The last fish and chips got me.
Not because it was life-changing fish and chips. It really wasn’t. But because it was the last one.
We leave Oxford at the end of this week, and I’ve been noticing all the little lasts. One more trip into London to see a friend. A few more walks through streets that somehow became mine. The strange feeling of knowing something is ending while you’re still in it.
It’s hard to believe we’re already here.
This season has gone by fast and slow in that very odd way meaningful seasons do. Part of me feels like we just got here. Part of me feels like I’ve lived a whole little life inside these months. I think that’s how meaningful seasons work. They stretch time. They change us while we’re busy living them.
Oxford gave me a lot. A different rhythm. Space to think. Space to dream a little. Space to rest in a way that regular life does not always make easy. And I feel deeply grateful for that.

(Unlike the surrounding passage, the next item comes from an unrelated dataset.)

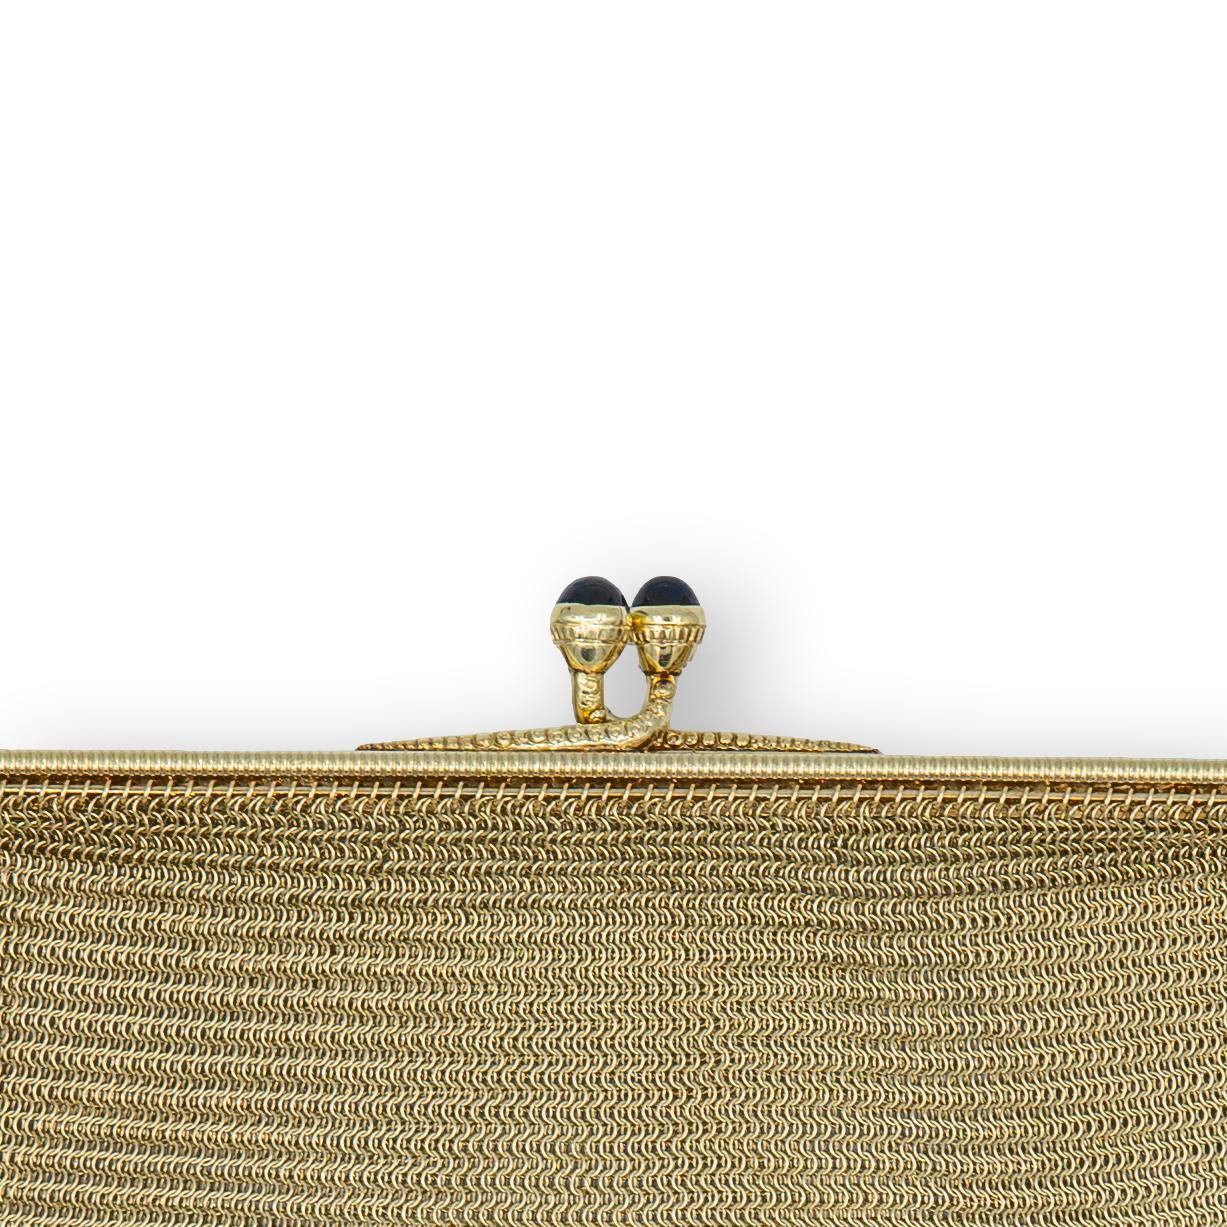 Ladies antique mesh purse from the early 20th century finely crafted in 14 karat yellow gold with a ball snap closure featuring 2 cabochon sapphires, the purse is hanging off a rope gold strap chain measuring 16

Not every season gives us the same thing. Some seasons are about pushing. Some are about building. Some are honestly about just hanging on and getting through. And some, if we’re lucky, let us breathe a little deeper and pay better attention.
I’ve had a lot of change in my adult life. I’ve moved many times. I’ve had to start over more than once. Figure out a new place. Find my footing. Make a life again.
And when I look back on that, I feel proud.
Not because I always handled it gracefully. Definitely not that. But because I have learned how to enter a new season and make something of it. I’ve learned how to leave, and I’ve learned how to begin again.
That still doesn’t make leaving easy.
I think we sometimes rush to turn transitions into lessons too quickly. We want the meaning tied up in a bow before we’ve even fully let ourselves feel the loss of what’s ending.
But not everything needs to be wrapped up right away.
Some seasons just need to be noticed while they’re ending.
Some things deserve a pause and a little more attention.
A quiet acknowledgement: this mattered.
I know I’m not the only one standing at the edge of a season.
Maybe yours looks different than mine. Maybe you’re leaving a role, finishing something important, watching a relationship change, sending a child into a new chapter, or just sensing that life is shifting under your feet a bit.
That in-between space can feel unsteady. But it can also be revealing.
It shows us what we loved. What we’ll miss. What we want to carry forward. And sometimes, it reminds us that we already know how to do this. We already know how to meet change, even when we don’t entirely like it.
As I get ready to leave Oxford, that’s what I keep coming back to: gratitude for this season, and a quiet trust in myself. Not a flashy kind of confidence. Just the steady kind that comes from having lived through enough endings to know I can make my way into a new beginning.
Maybe that’s one of the gifts of endings.
They remind us that life changes shape. And they remind us that we can change with it.